Capítulo 38 - A Morte II
Na surpresa, Evelyn e Clementine olharam para Niko. A assassina, mesmo indefesa, sorriu sem mexer os olhos.
— Fez a pergunta certa, garoto… Eu não gosto de trabalhar pra gente que eu não conheço. Então fui atrás de saber quem era o cliente. E, olha… não era uma pessoa muito queee… “moral”. Passagem na polícia por identidade falsa, parentes presos por envolvimento com grupo terrorista… e a casa dele? Parecia mais um museu de símbolos e rituais bizarros. Ele era um-
Um estouro ecoou ao longe. Um buraco se abriu do lado da cabeça de Clementine. Sangue, osso, fragmentos de cérebro, tudo se espalhou no chão e na árvore em que estava presa. Os olhos dela continuaram abertos — imóveis — mirando diretamente Niko. Observando-o.
— CUIDADO! — gritou Evelyn.
Ela pulou sobre o garoto e ergueu uma parede de gelo à frente deles. O frio da Alma subiu pela palma e se cristalizou em um enorme escudo translúcido. Por alguns segundos, ela esperou outro tiro. Nada aconteceu.
— Você tá bem, Niko?! Niko?! — ela perguntou, virando-se para ele.
Ele estava parado. As íris contraídas. A boca entreaberta, como se tivesse esquecido como respirar. O garoto não respondeu.
— E-ela… morreu? — ele murmurou.
— …Sim.
— Ela tava… olhando pra mim…
Niko levou a mão ao peito. Aquilo que sentia, era medo. Um medo que nunca conhecera. Não era como os sustos que teve contra o lufador e a Clementine. Não era como a dor dos ferimentos que teve.

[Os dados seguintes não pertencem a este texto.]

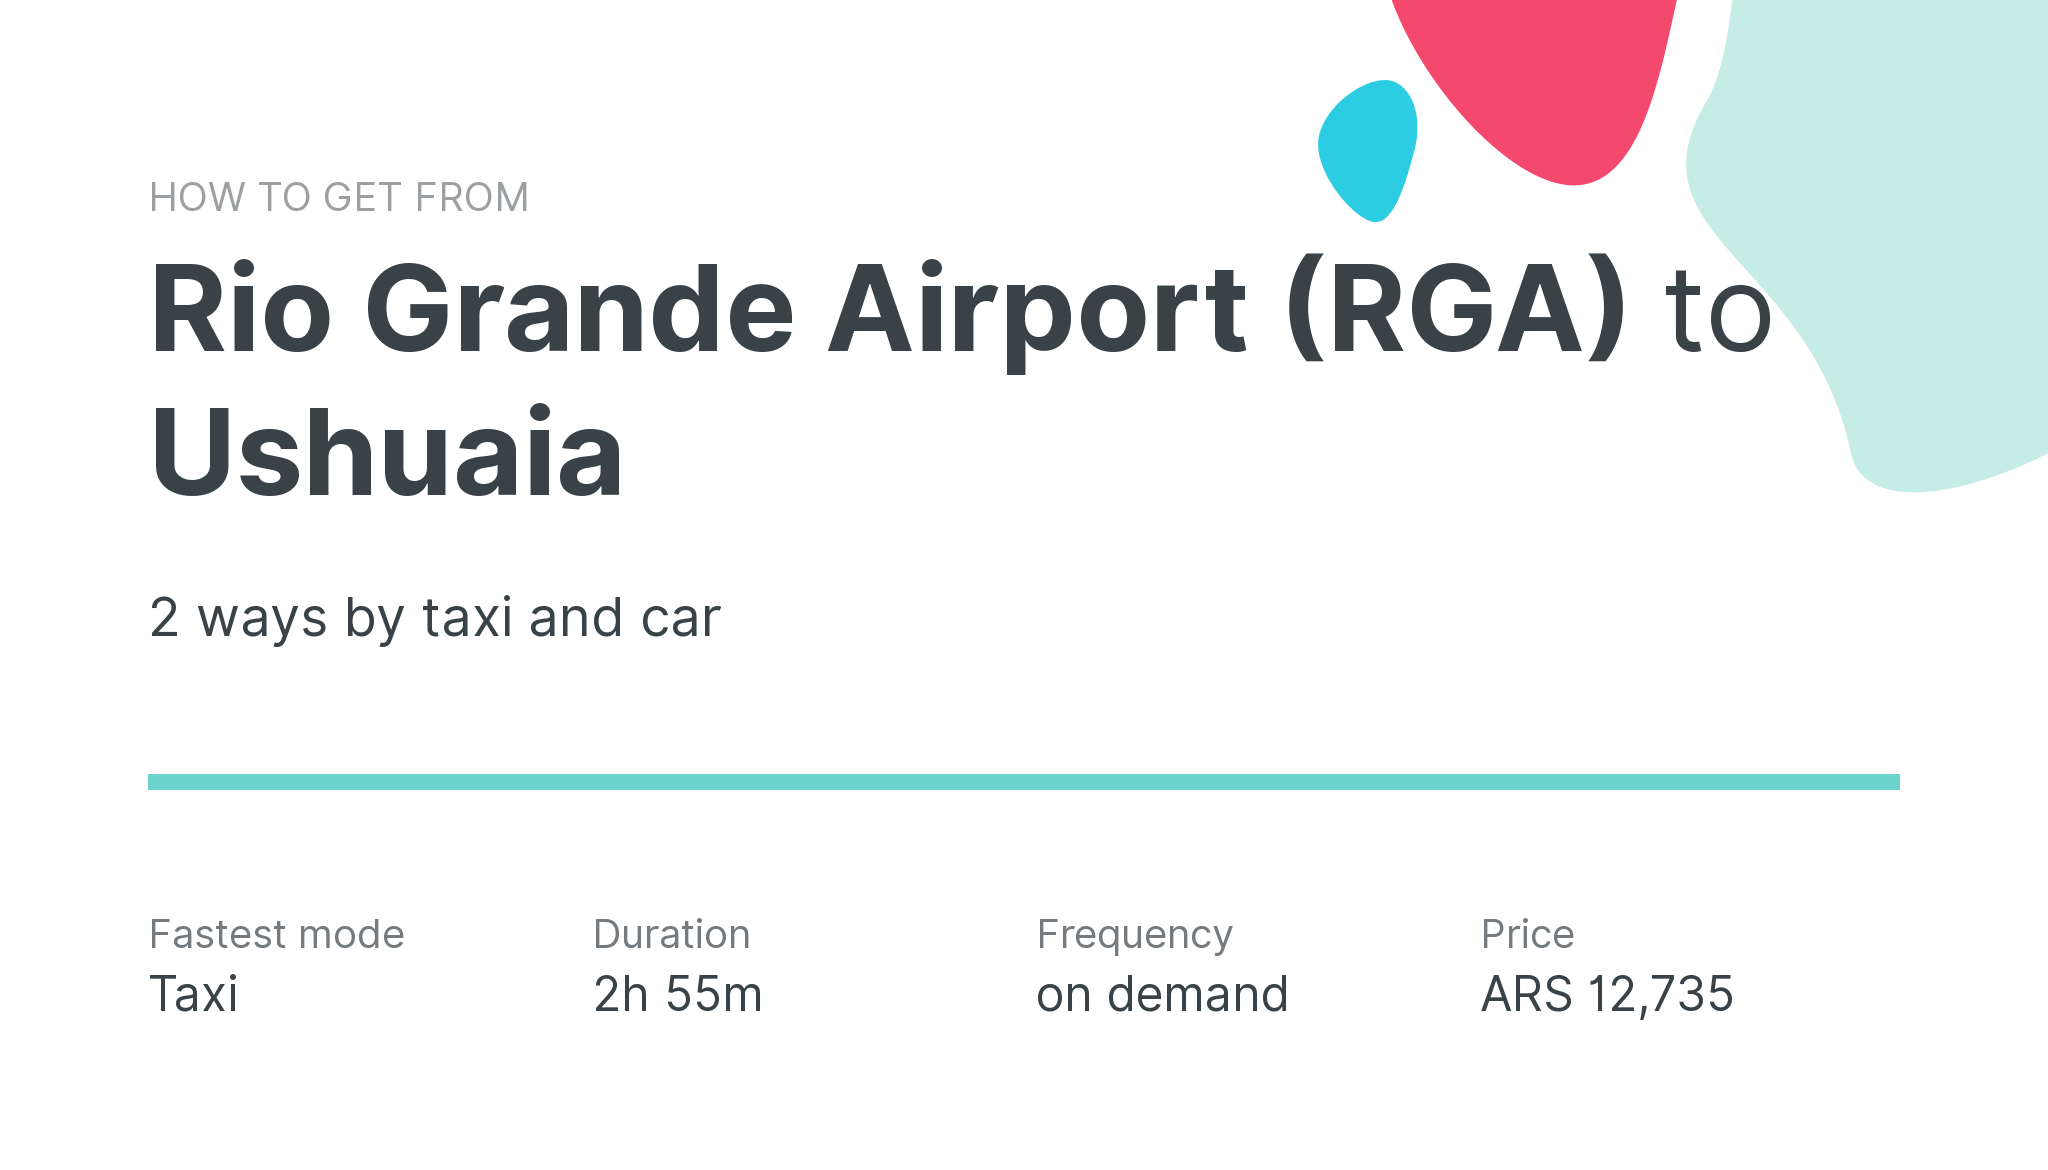 How do I get from Rio Grande Airport (RGA) to Ushuaia

Era outra coisa. Mais silenciosa. Mais gelada. Ele tinha visto a morte. E a morte olhou ele de volta.
— Vou checar os arredores. — disse Evelyn, se levantando com um bastão de gelo na mão.
— Cuidado… por favor.
Ela saiu devagar da proteção com um porrete de gelo nas mãos, com os olhos varrendo cada ponto da floresta, de pé na neve fofa. Cada árvore parecia esconder alguma coisa. Cada galho parecia prestes a se mover… mas não se moveu. Um minuto passou. Depois dois. E então ela relaxou o ombro.
— O atirador fugiu. — disse, jogando o bastão de lado.
Niko se levantou com esforço. A mobilidade havia voltado aos poucos durante o silêncio. Ele saiu de trás da barreira e foi até ela.
— Tem certeza?
— Absoluta. “Os olhos de um mercenário nunca mentem”. Um velho colega vivia me dizendo isso.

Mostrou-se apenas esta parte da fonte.